Ann, if you are part of the problem, what gives you the gall to think you can criticise others like that? Are you pushing a political agenda perhaps? And, are you using government funding to do that? Or, does this incident discredit the reasoning behind your funding? Was Barnes one of her patients?
The basis of the story ends-up being that the police need more training in dealing with people with mental health issues. And, perhaps this is correct- but, that’s not the full story. There’s a lot more that needs to be fixed- two issues in particular.
First, British Columbia shut-down most of it’s mental hospital beds, and transferred patients to community based care. This may work for many patients, but it obviously didn’t work for Darrell Barnes. Instead, he was left out on the streets, ans was not receiving treatment for his illness. So, the province has made the streets of Vancouver’s DTES into a de-facto mental hospital, and it obviously isn’t working. Regardless of what Livingston says, any neighbourhood where one can run into an intoxicated mentally ill person with a machete is a dangerous one.
The next problem is BC’s harm reduction policy. By allowing and enabling people to use drugs in the DTES, organizations like VANDU are part of the problem- not part of the solution. Barnes was self-medicating on a dangerous cocktail of drugs and alcohol- had the system not enabled him to be that way, it is quite likely he would still be alive today.
As I wrote back in June- the enabling culture of Vancouver’s DTES is an act of murder. Those who fight to keep the status-quo are not helping the situation. If Ann Livingston wants to justify her funding at VANDU, instead of complaining about how the police are doing their jobs poorly, why doesn’t she give us some solid examples of the people she is enabling to be addicted who are success stories? Are there any?
Somehow I doubt it…
2 comments
I read the article before I read your commentary. As soon as I saw the part of the autopsy revealing alcohol (0.131 is pretty drunk) along with a combination of cocaine and heroin my eye’s bugged out. Mixing three drugs like this is very dangerous as each of these drugs does something very different to the brain. They each all wear off at a different rate. This mixture is likely to have very dangerous consequences both mentally and physically.
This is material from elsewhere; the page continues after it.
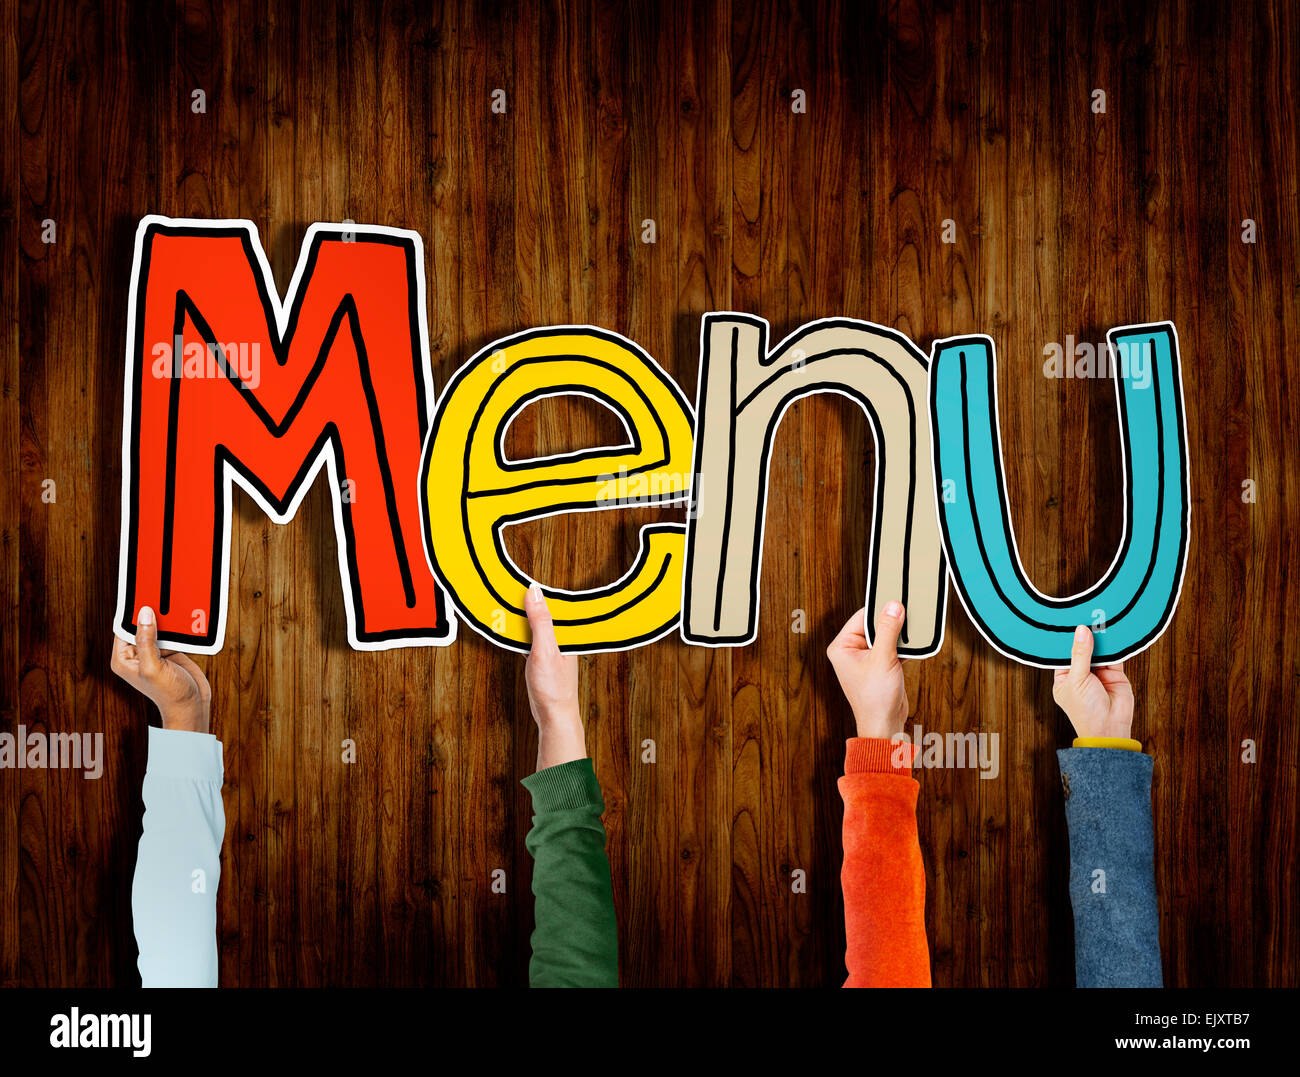 Hands Holding Menu Word Concept Stock Photo

This article brings to light another major issue I have with many of these anti-police groups. They like to blame the police for issues they did not cause. It is not the fault of the police officers who shot Darrell Barnes that he is bi-polar, living on the streets and abusing illegal substances instead of in a proper facility. But the police are the ones who are left to deal with him. If he was at a state where less-than-lethel ammunition was not working on him they were not left with much choice. Yet they are the ones who get the blame from the anti-police groups when put in a catch-22 situation. If the police had not stopped him, and he went on to hack some other DTES street people with that machete those same anti-police people would have blamed the police for not stopping him.
They executed Paul Boyd, plain and simple, coup de grace, summary execution. Robert
Dziekanski was holding a staper … he’s dead. Most of the time it’s not necessary to kill.
Too often it’s an uninjured officer claiming that the person he had to kill was trying to be terribly violent, with contradictory testimony by the partner ignored and security video conveniently gone missing. Especially in North with the RCMP.